Cyprus also agreed to cut government spending, to privatize state assets and to drastically shrink the size of its banking system. As of the end of 2012, deposits in Cypriot banks were seven times the size of the country’s economy.

“The agreement reached today on Cyprus provides a comprehensive and credible plan to deal with the current economic challenges in the country,” said IMF Managing Director Christine Lagarde.

But the bailout puts an end to decades in which Cyprus had tried to diversify its economy beyond its warm Mediterranean beaches. Starting in the 1970s, the country set low corporate taxes and tried to emphasize its stability as a good place to locate companies. That reputation was enhanced in 2004, when it joined the European Union, and even more in 2008, when it joined the euro zone, tightly binding the country to the far larger economic block on mainland Europe. Deposits poured in, many of them from wealthy Russians whom many Europeans suspect used Cyprus as a haven for money laundering.

That reputation led Europe to take a hard line on any bailout, pushing for Cyprus’s wealthy depositors to be on the hook along with European taxpayers.
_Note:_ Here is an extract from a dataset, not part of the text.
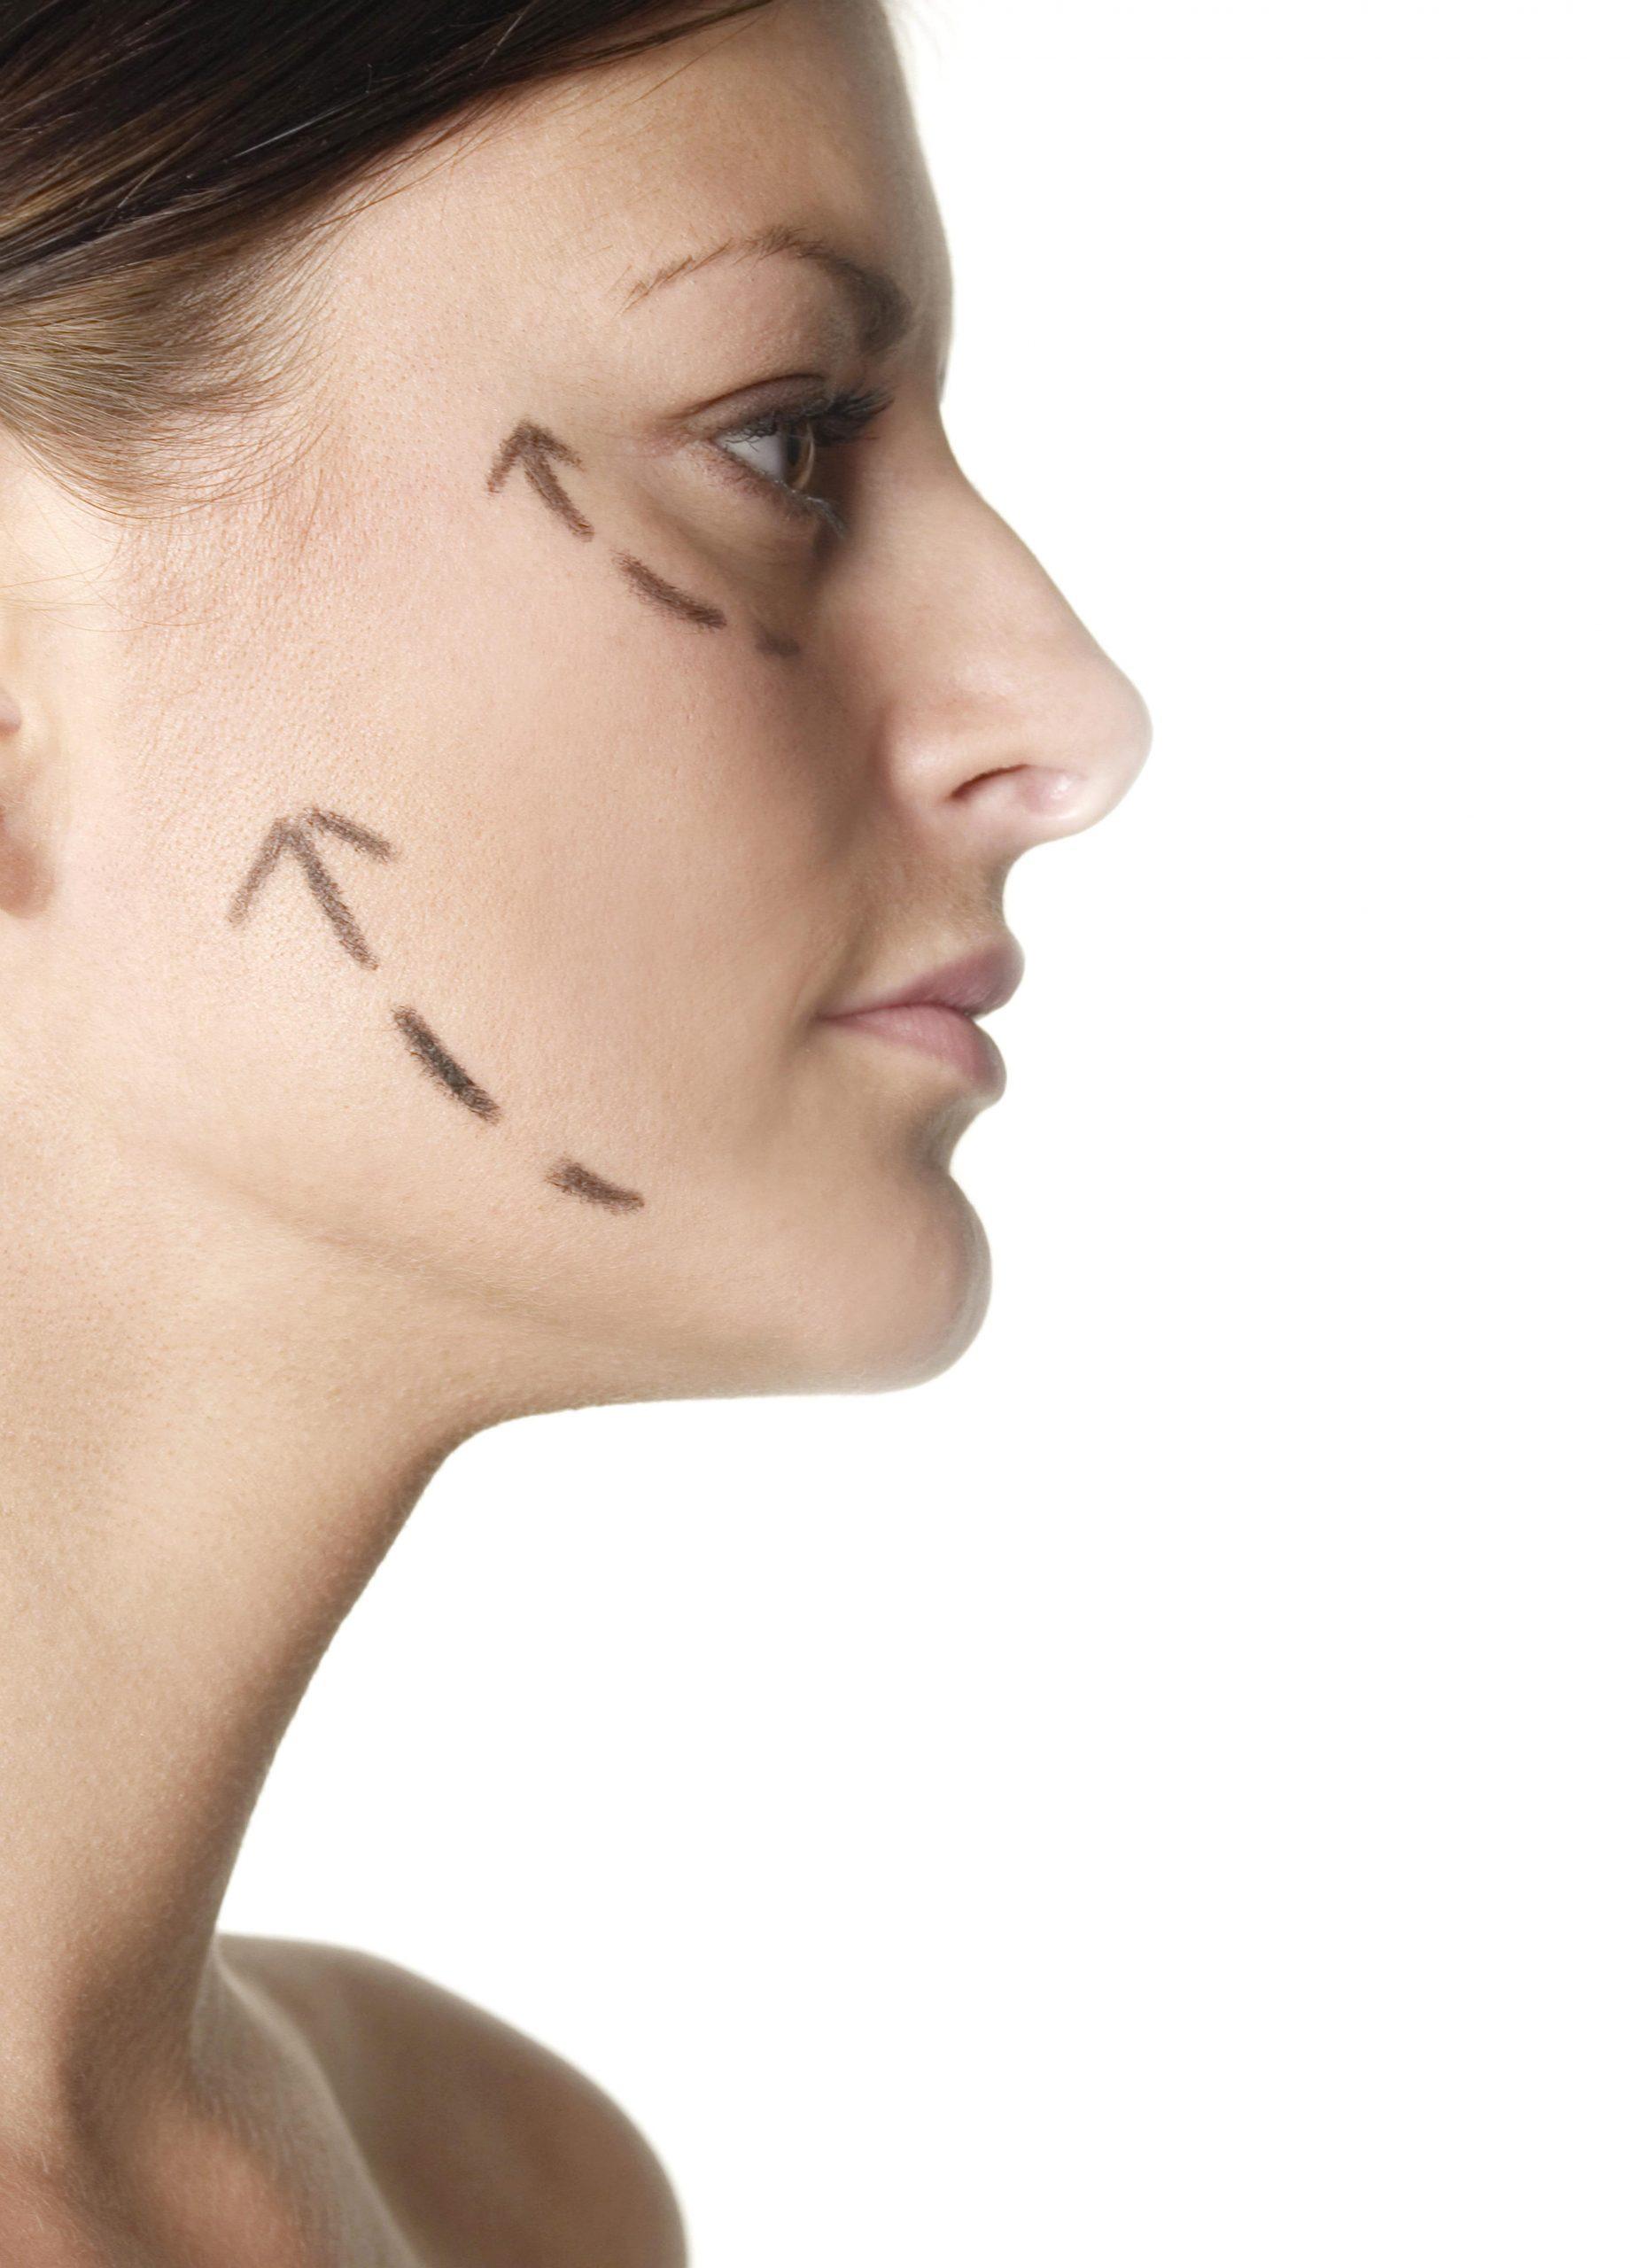 תהליך טיפול בצלוליט

The initial plan proposed nine days ago would have seized a portion of all deposits in Cypriot banks, even in smaller accounts that were insured under E.U. rules.

The new precedent may make Europe weaker in the long run if bank depositors in struggling countries such as Italy and Spain fear for their own savings in a future crisis, analysts said.

“Failing banks remain the problem of their home country, even if that cripples government finances for many years,” ING senior economist Carsten Brzeski wrote in a research note on Monday.